What Is Git? — Explore A Distributed Version Control Tool

Vardhan NS
Edureka
Published in
9 min readNov 16, 2016

Git is a free, open-source distributed version control system tool designed to handle everything from small to very large projects with speed and efficiency. It was created by Linus Torvalds in 2005 to develop Linux Kernel. Git has the functionality, performance, security, and flexibility that most teams and individual developers need. It also serves as an important distributed version-control DevOps tool.

In this ‘What is Git’ blog, you will learn:

  • Why Git came into existence?
  • What is Git?
  • Features of Git
  • How Git plays a vital role in DevOps?
  • How Microsoft and other companies are using Git

What is Git — Why Git Came Into Existence?

We all know “Necessity is the mother of all inventions”. And similarly, Git was also invented to fulfill certain necessities that the developers faced before Git.

What is the purpose of Git?

Git is primarily used to manage your project, comprising a set of code/text files that may change.

But before we go further, let us take a step back to learn all about Version Control Systems (VCS) and how Git came into existence.

Version Control is the management of changes to documents, computer programs, large websites and other collection of information.

There are two types of VCS:

  • Centralized Version Control System (CVCS)
  • Distributed Version Control System (DVCS)

Centralized Version Control System (CVCS)

Centralized version control system (CVCS) uses a central server to store all files and enables team collaboration. It works on a single repository to which users can directly access a central server.

Please refer to the diagram below to get a better idea of CVCS:

The repository in the above diagram indicates a central server that could be local or remote which is directly connected to each of the programmer’s workstations.

Every programmer can extract or update their workstations with the data present in the repository or can make changes to the data or commit in the repository. Every operation is performed directly on the repository.

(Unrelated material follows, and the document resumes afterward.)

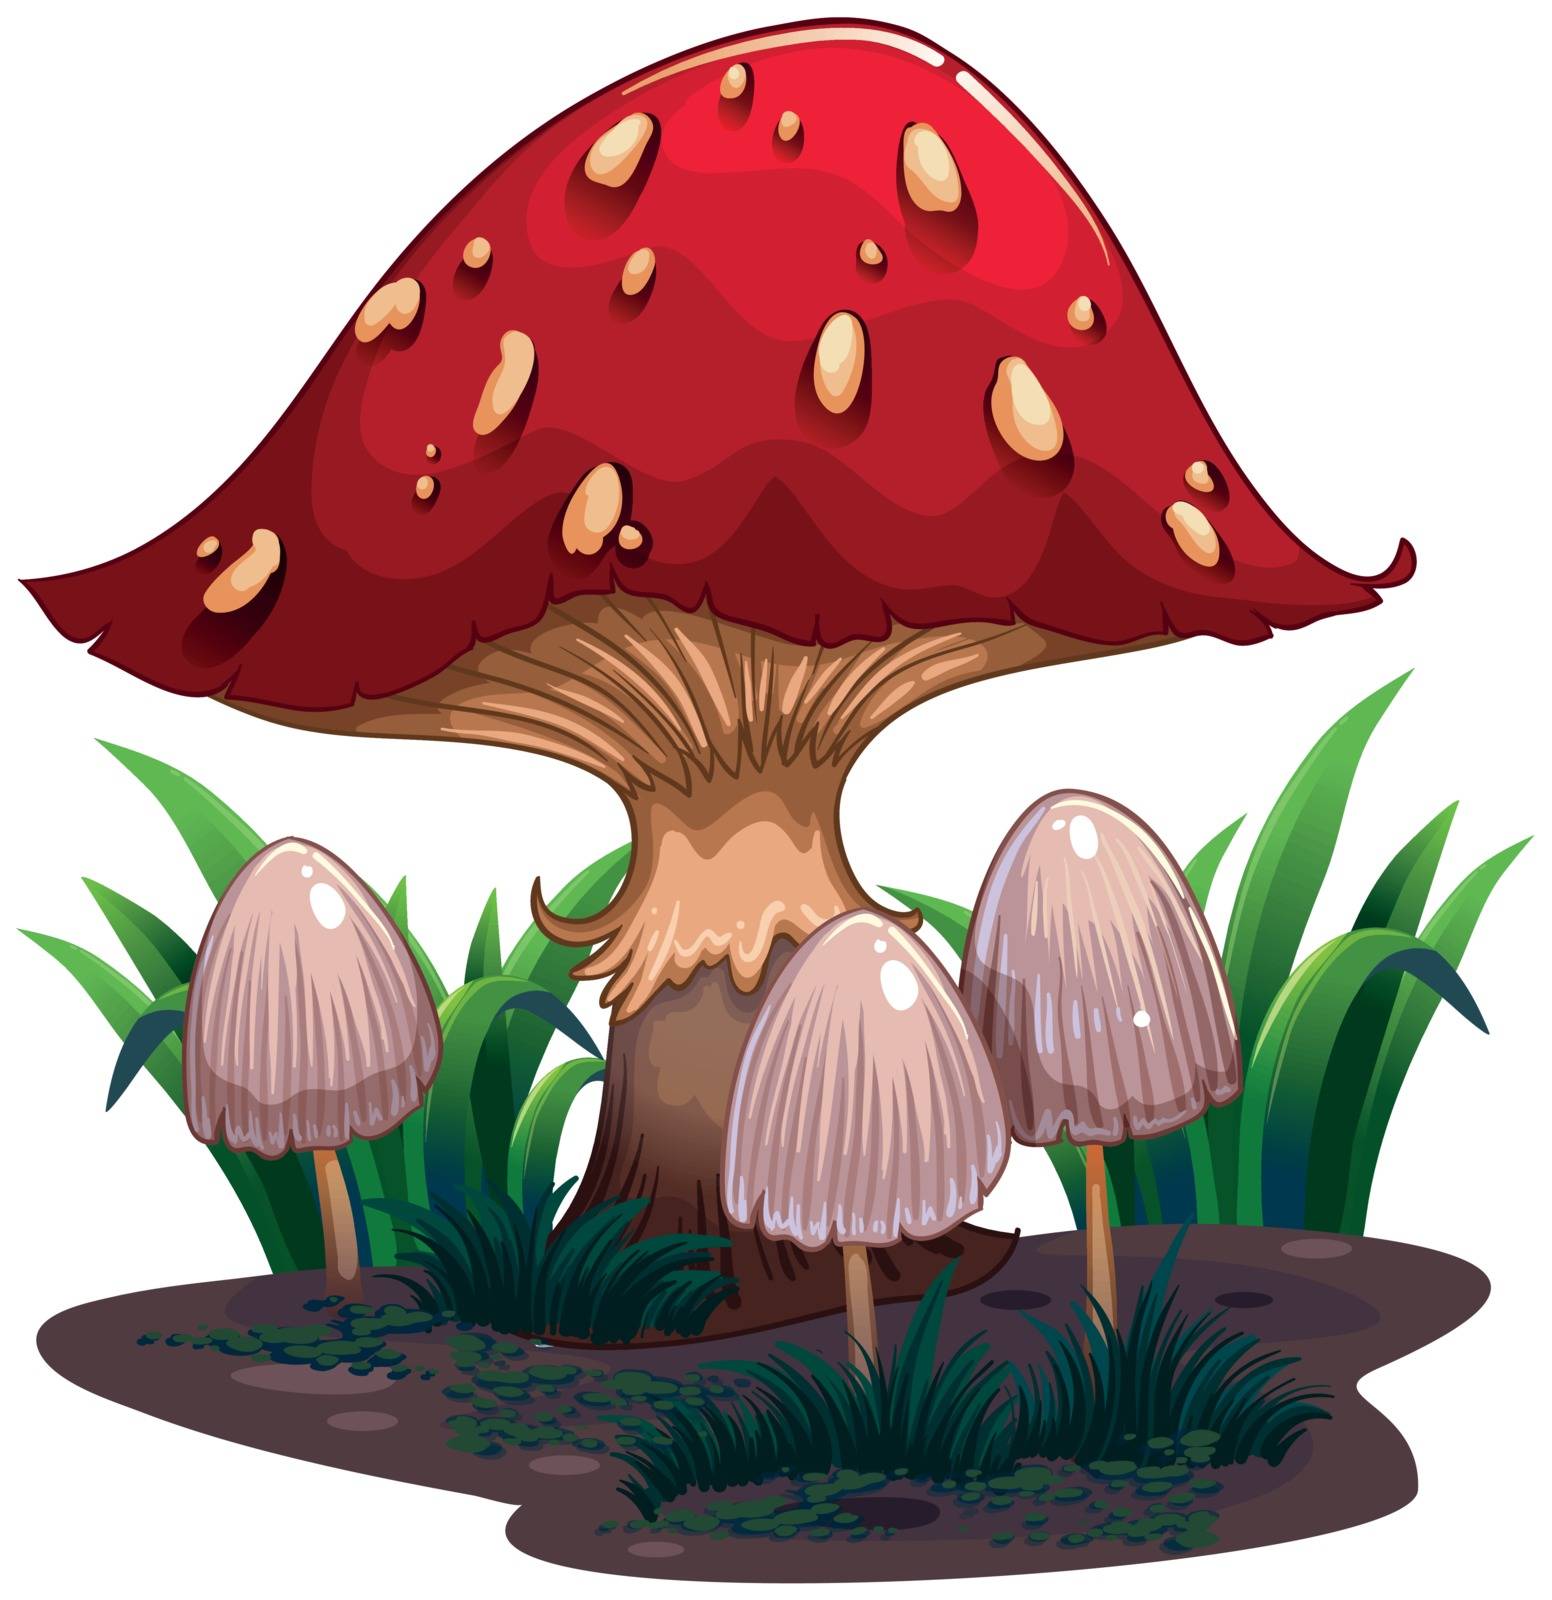 An image of a huge mushroom by iimages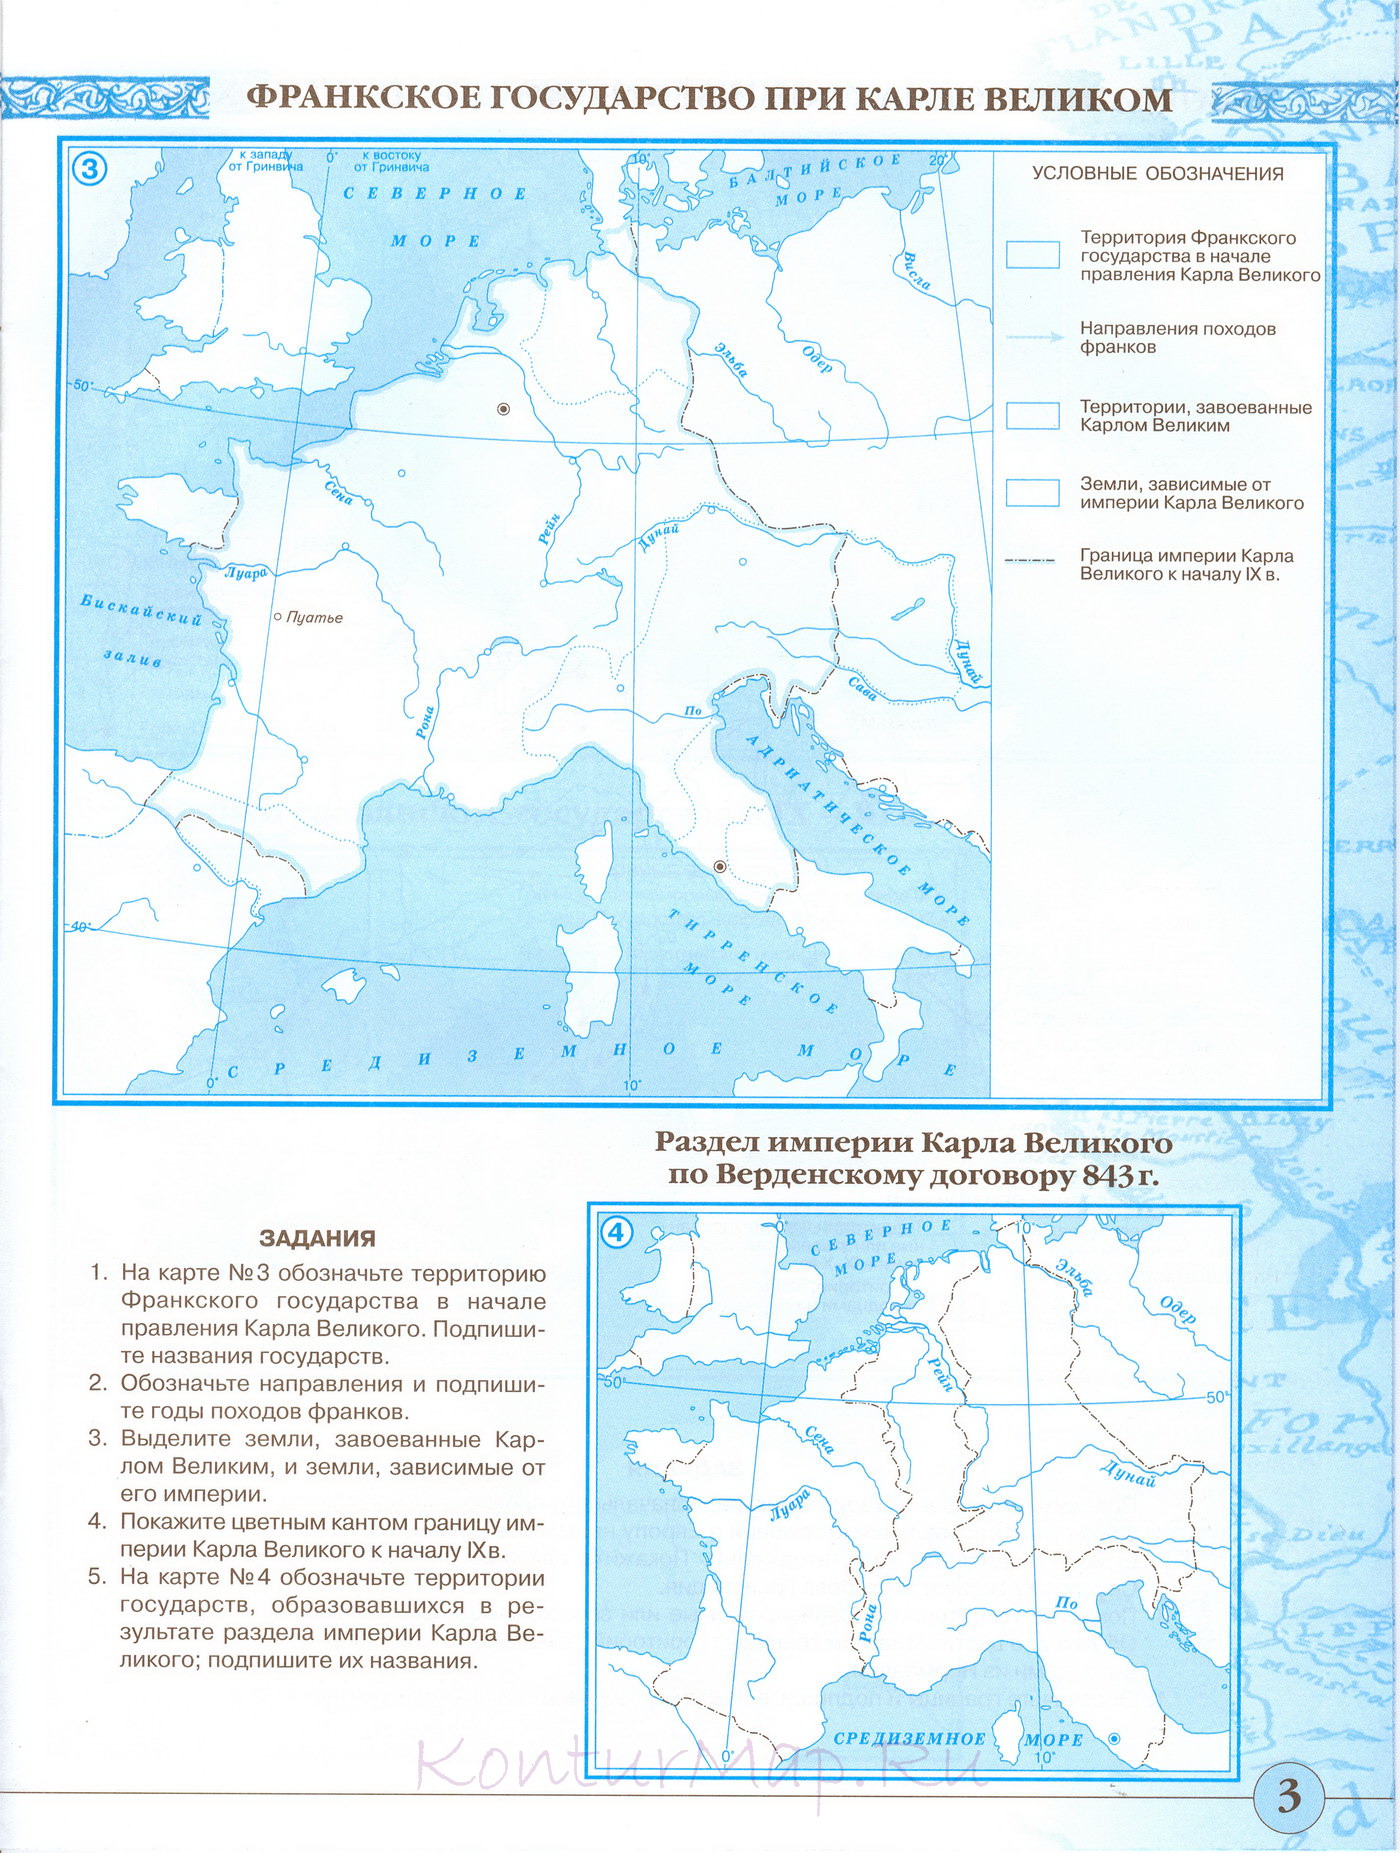 Контурная карта по истории 6 класс образование российского централизованного государства

Even though it seems pretty convenient to maintain a single repository, it has some major drawbacks. Some of them are:

  • It is not locally available; meaning you always need to be connected to a network to perform any action.
  • Since everything is centralized, in any case of the central server getting crashed or corrupted will result in losing the entire data of the project.

This is when Distributed VCS comes to the rescue.

Distributed VCS

These systems do not necessarily rely on a central server to store all the versions of a project file.

In Distributed VCS, every contributor has a local copy or “clone” of the main repository i.e. everyone maintains a local repository of their own which contains all the files and metadata present in the main repository.

You will understand it better by referring to the diagram below:

As you can see in the above diagram, every programmer maintains a local repository on its own, which is actually the copy or clone of the central repository on their hard drive. They can commit and update their local repository without any interference.

They can update their local repositories with new data from the central server by an operation called “ pull” and affect changes to the main repository by an operation called “ push “ from their local repository.

The act of cloning an entire repository into your workstation to get a local repository gives you the following advantages:

  • All operations (except push & pull) are very fast because the tool only needs to access the hard drive, not a remote server. Hence, you do not always need an internet connection.
  • Committing new change-sets can be done locally without manipulating the data on the main repository. Once you have a group of change-sets ready, you can push them all at once.
  • Since every contributor has a full copy of the project repository, they can share changes with one another if they want to get some feedback before affecting changes in the main repository.
  • If the central server gets crashed at any point of time, the lost data can be easily recovered from any one of the contributor’s local repositories.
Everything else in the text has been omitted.